# Scenes We'd Like From A Hat [revived]



## Yami Angel Christian (Feb 21, 2013)

This is an old game I started a while back that proved so popular it's been copied on here 3 times!

The idea should be familiar to anyone who has ever seen Whose Line Is It Anyway or Mock The Week with their Scenes From A Hat and Scenes We'd Like To See respectively (especially with how both shows were concieved by the same people), but if you're not, then it's really quite simple:

I give a scenario (recen e.g. "What You Wouldn't Want To Hear Your Surgeon Say") and you post your ideas for this scenario (another e.g. Jirachu's post about love-sickness and Riku)!

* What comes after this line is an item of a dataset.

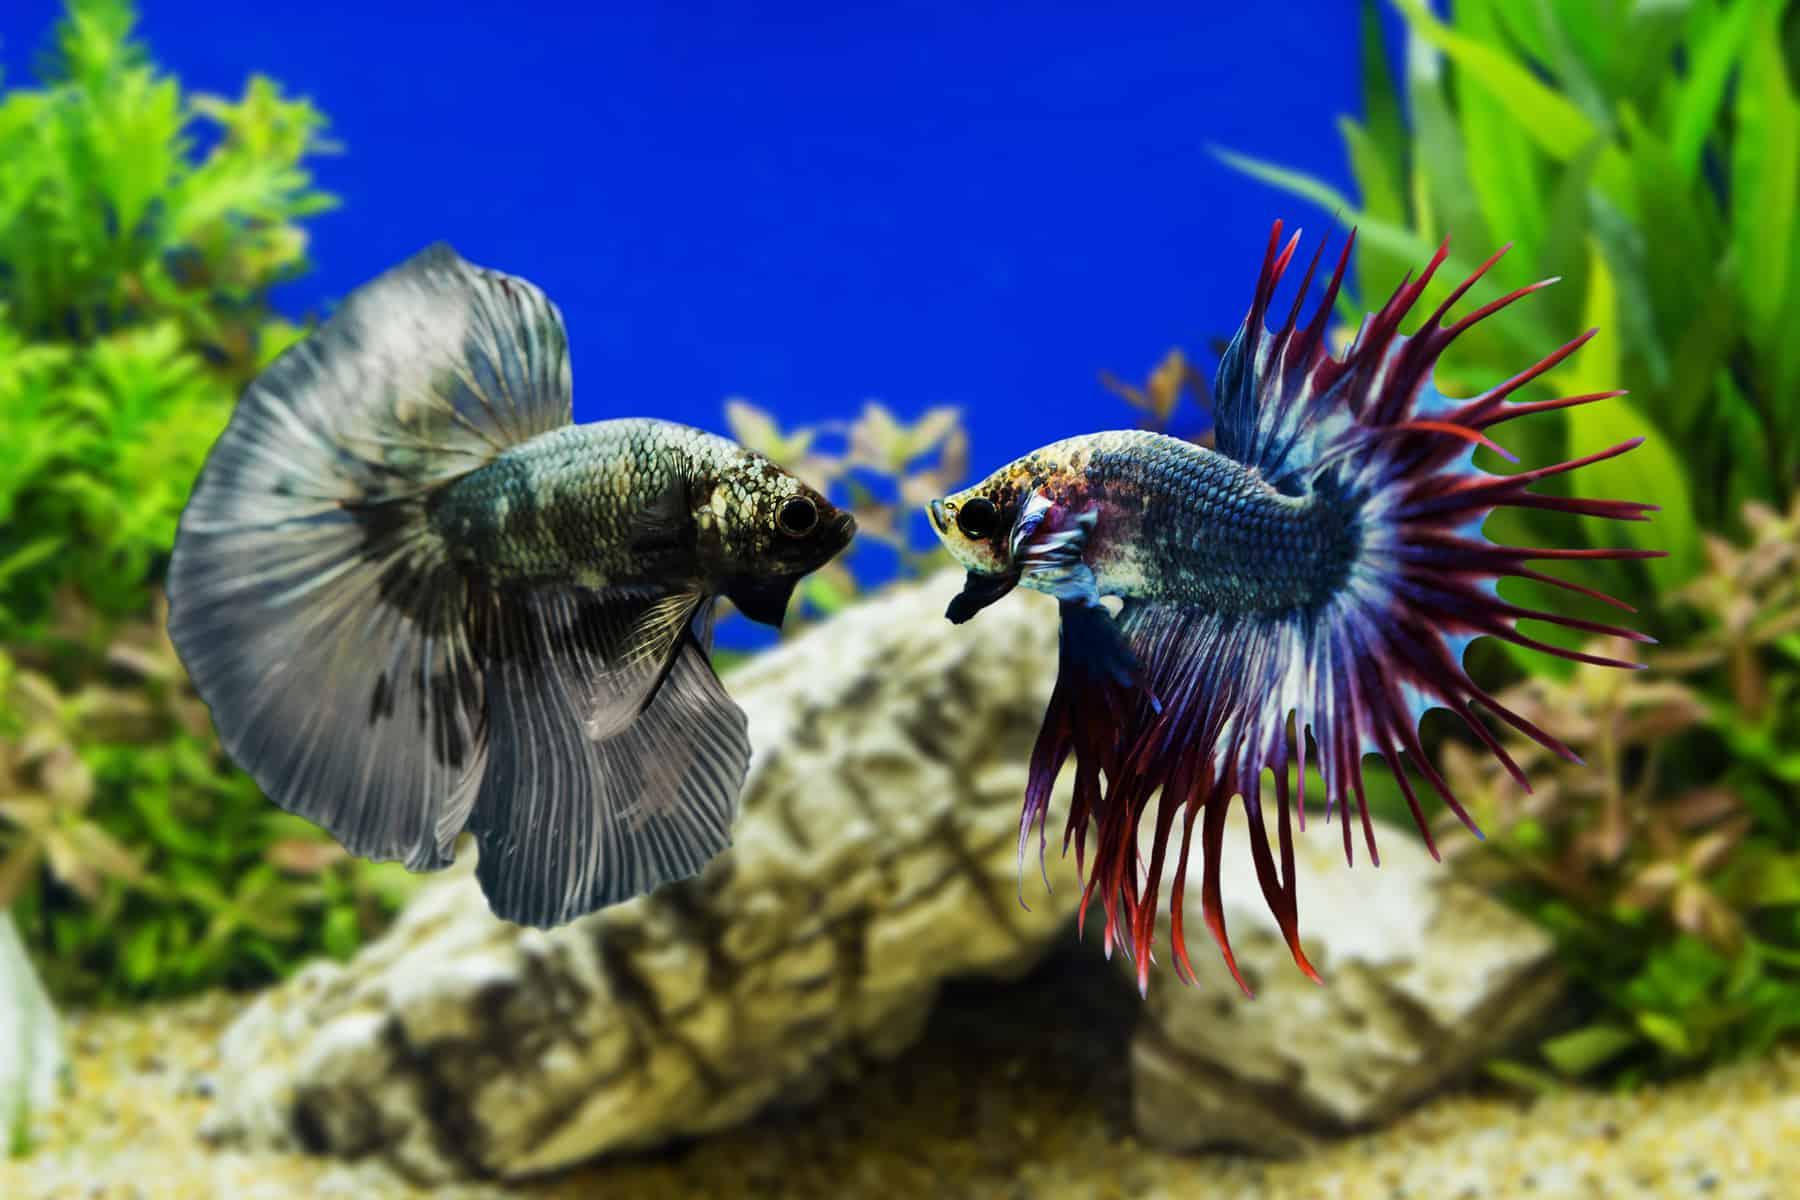 betta fish fighting in an aquarium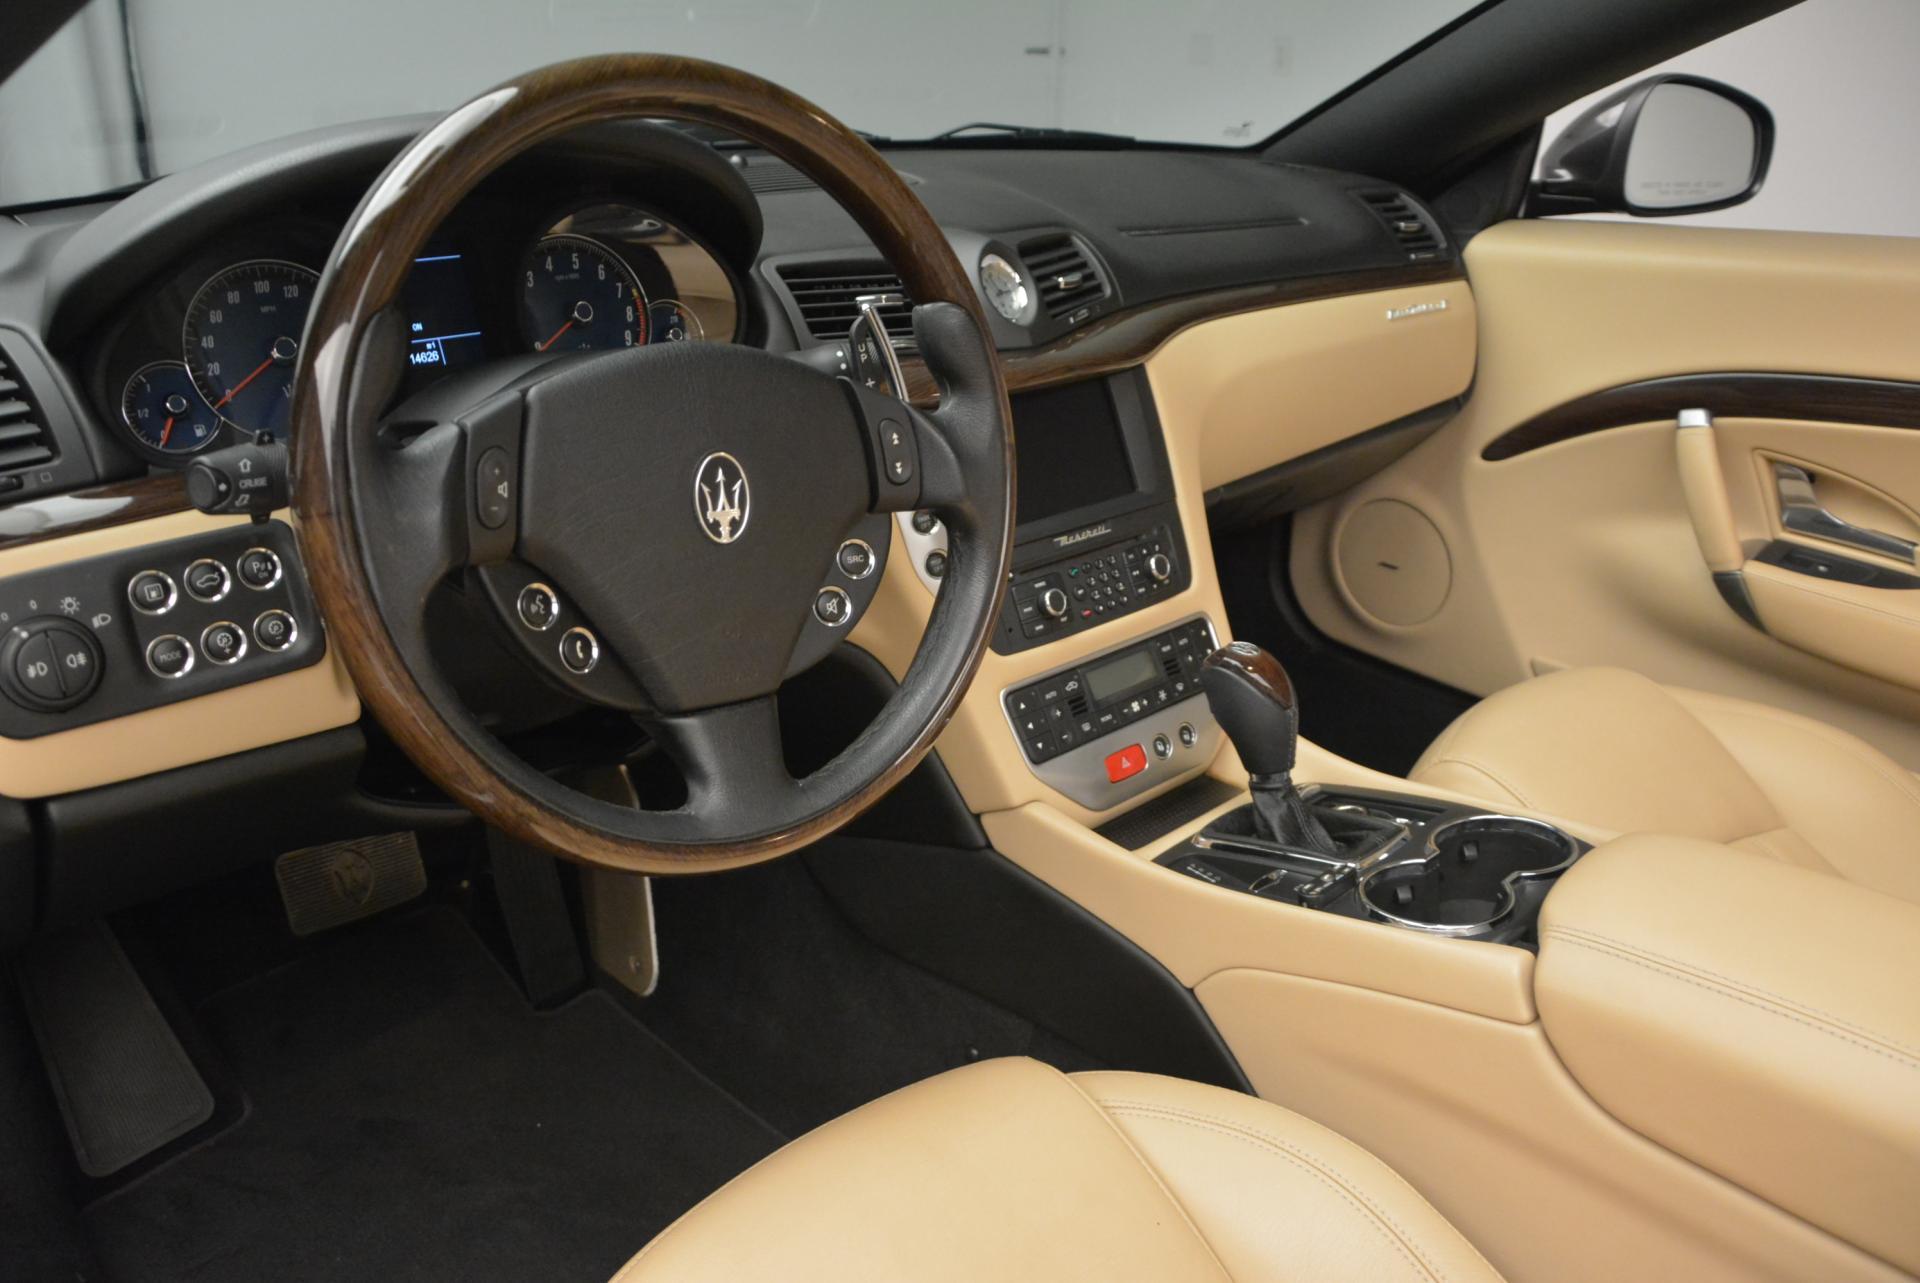 Used 2011 Maserati GranTurismo Base For Sale In Westport, CT 158_p26

That thread was too focussed to work properly, but this one offers a lot more freedom and many more chances for fun to be had, so let's get started, shall we? First Scenario:

*What You Wouldn't Want To Hear Your Surgeon Say!*

Try to only post one idea at a time, that way it keeps things clear and unclogged, either way, I guess I'll start then:

You're not going to need that heart, are you?


----------



## sv_01 (Mar 2, 2013)

Wait, what do I pull out first?


----------



## mewtini (Mar 2, 2013)

"Wait... how many incisions do I need to make? Oh, well. Eenie, meeny, meinie, moe..."


----------



## Vipera Magnifica (Mar 2, 2013)

It looks like we've run out of anaesthetic, so you're just going to have to bite down on this _really_ hard.


----------



## Keldeo (Mar 2, 2013)

Was the big blue bottle the anaesthetic or the hand sanitizer?


----------



## ShinyUmbreonX3 (Mar 4, 2013)

"~...The knee bone is connected to the, shin bone...~"


----------



## Yami Angel Christian (Mar 5, 2013)

Doctor: "Right, well we've no idea what could possibly be causing this ticking noise you keep hearing..."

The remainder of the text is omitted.